Also there are a lot of unknowns behind the scene in the full-blown price war in China auto industry. According to related documents, Chinese electric vehicle brands Neta and Zeekr inflated sales in recent years to hit aggressive targets, with Neta doing so for more than 60,000 cars.
The companies arranged for cars to be insured before they were sold to buyers, the documents show, enabling them under Chinese industry car registration practices to book sales early so they could hit the monthly and quarterly targets.
Neta booked early sales of at least 64,719 cars through this method from January 2023 to March 2024. That was more than half the sales of 117,000 vehicles it reported over the 15 months.
Zeekr, a premium EV brand owned by Geely, used the same method to book early sales in late 2024 in the southern city of Xiamen through its main dealer there, state-owned Xiamen C&D Automobile.
Vehicles booked as sold before reaching a buyer are called “zero-mileage used cars” in the Chinese auto industry. The practice has emerged out of overheated competition for sales in China auto market, which is suffering from a brutal, years-long price war caused by serious overcapacity.

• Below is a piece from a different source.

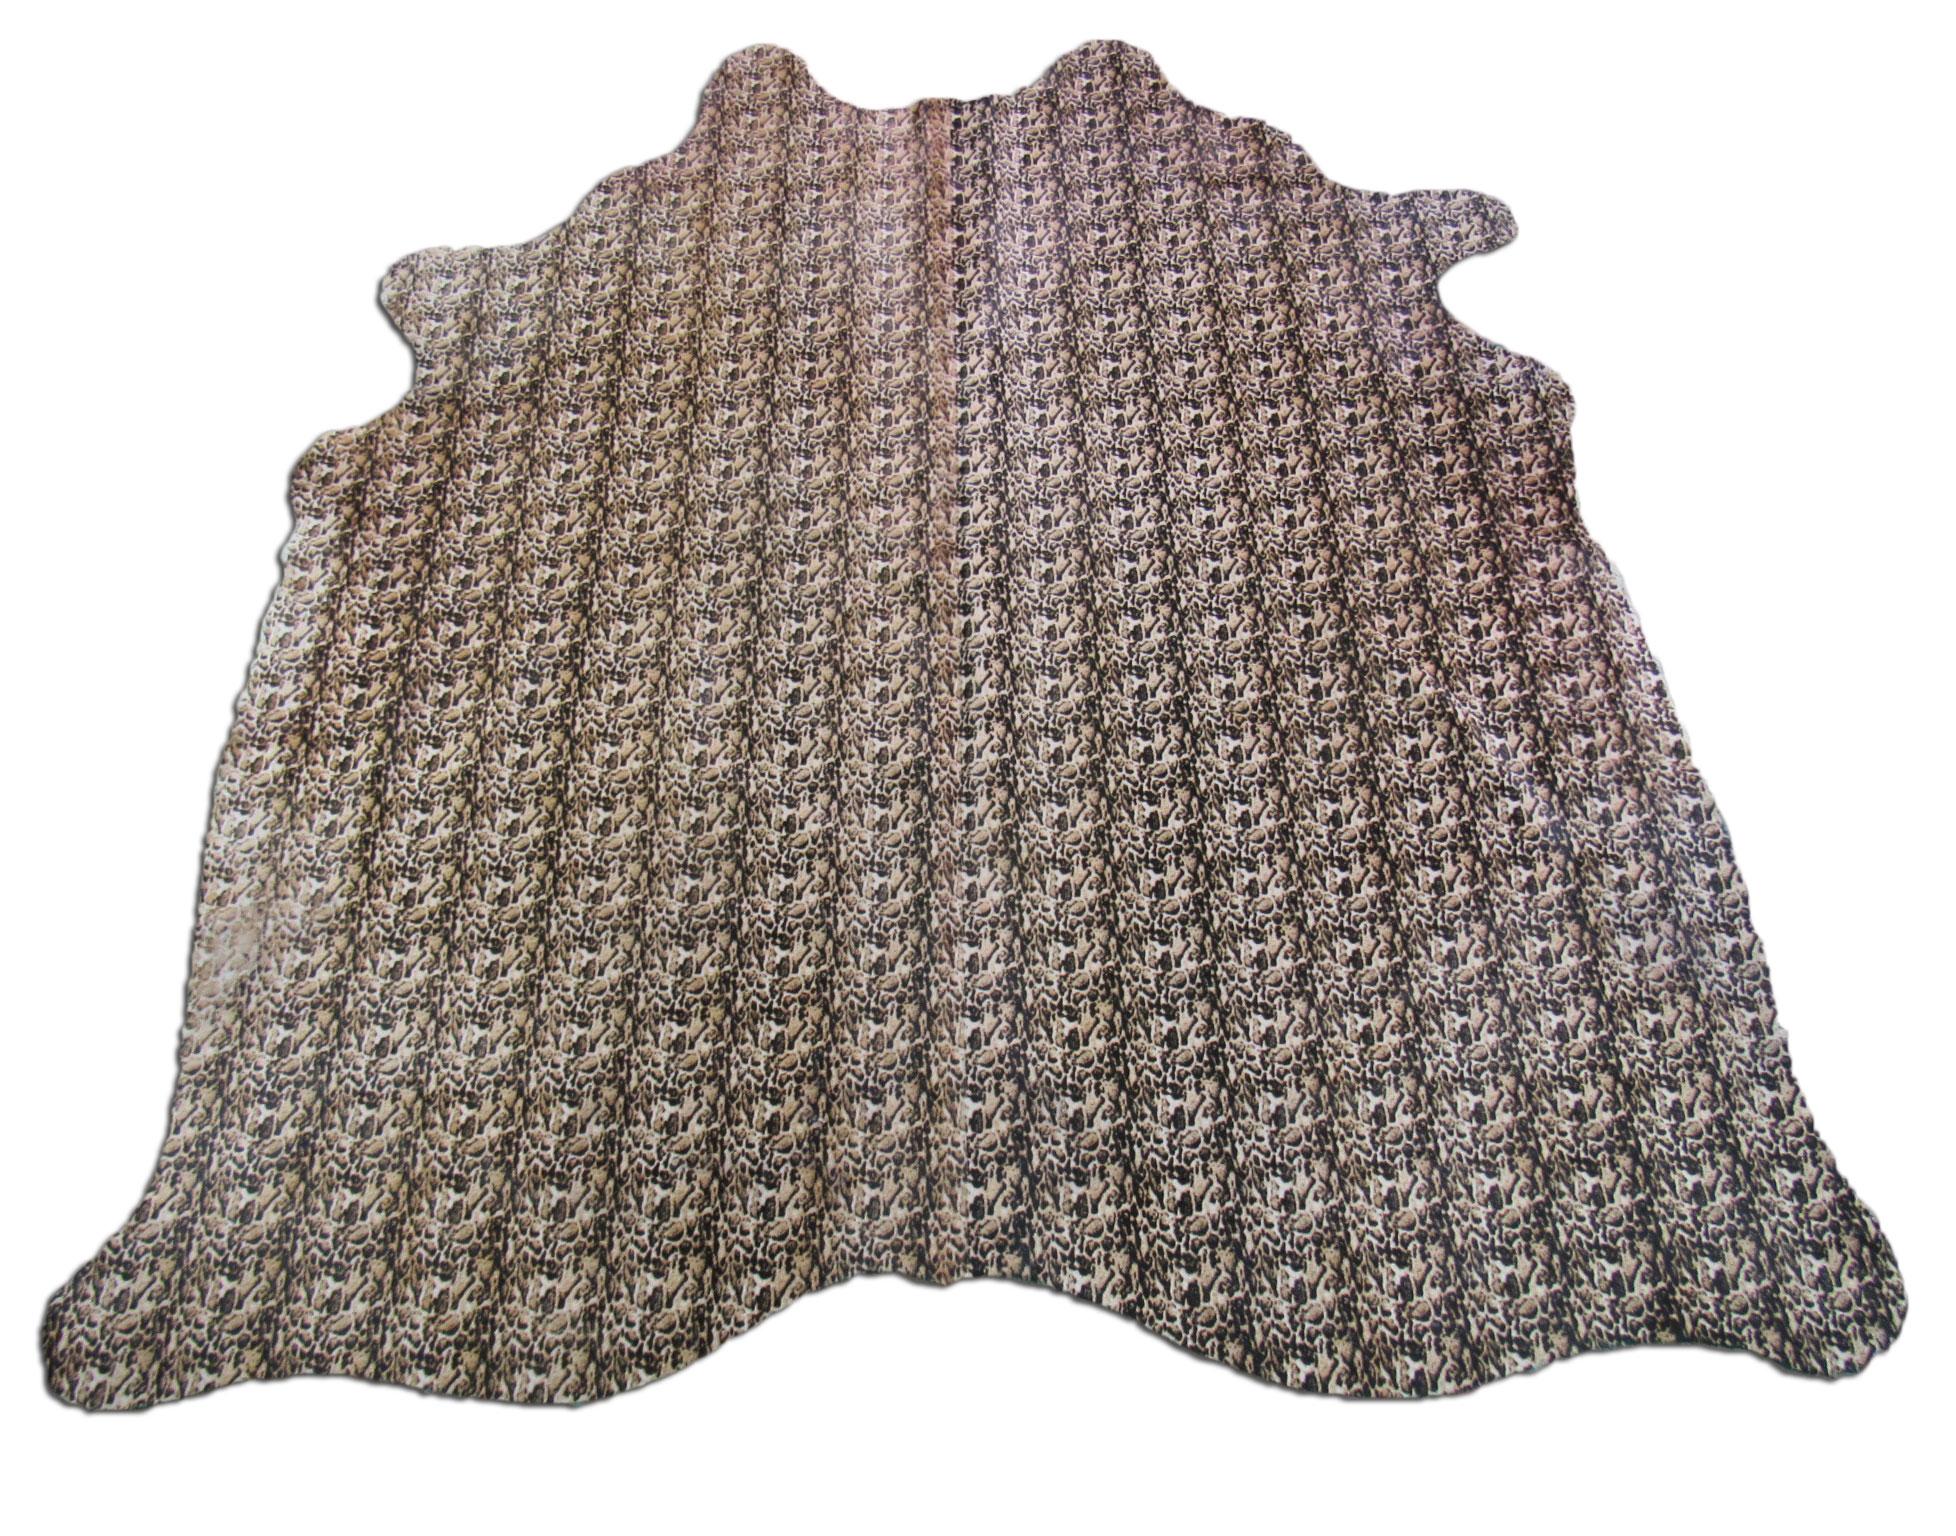 A-969 Snow Leopard Print Cowhide Rug Size: 7' X 6 1/2'

Neta’s sales peaked in 2022 when it was ranked as the eighth-largest maker of new EVs in China with sales of 152,000 vehicles. Sales fell last year to 87,948 vehicles, including 23,399 exported, and it sold 1,215 cars in Q1 of 2025, according to data from the China Association of Automobile Manufacturers.
The brand has been in financial trouble since late 2024, and its owner, Zhejiang Hozon New Energy Automobile, entered bankruptcy proceedings in China last month.
This growing phenomenon of “zero-mileage used cars” reflects the stress in the auto market which has also strained the industry. Chinese authorities are getting more serious about the crackdown, with state media calling out the zero-mileage car practice, and government pledging to regulate “irrational” competition. On the flip side, the industry ministry was planning to clamp down on the practice by banning cars from being resold within six months of being registered as a sale.
China's auto market is in an inflection point, facing a moment of reckoning. Investors should watch closely where the price war will be headed and what the negative spillover effect is ultimately.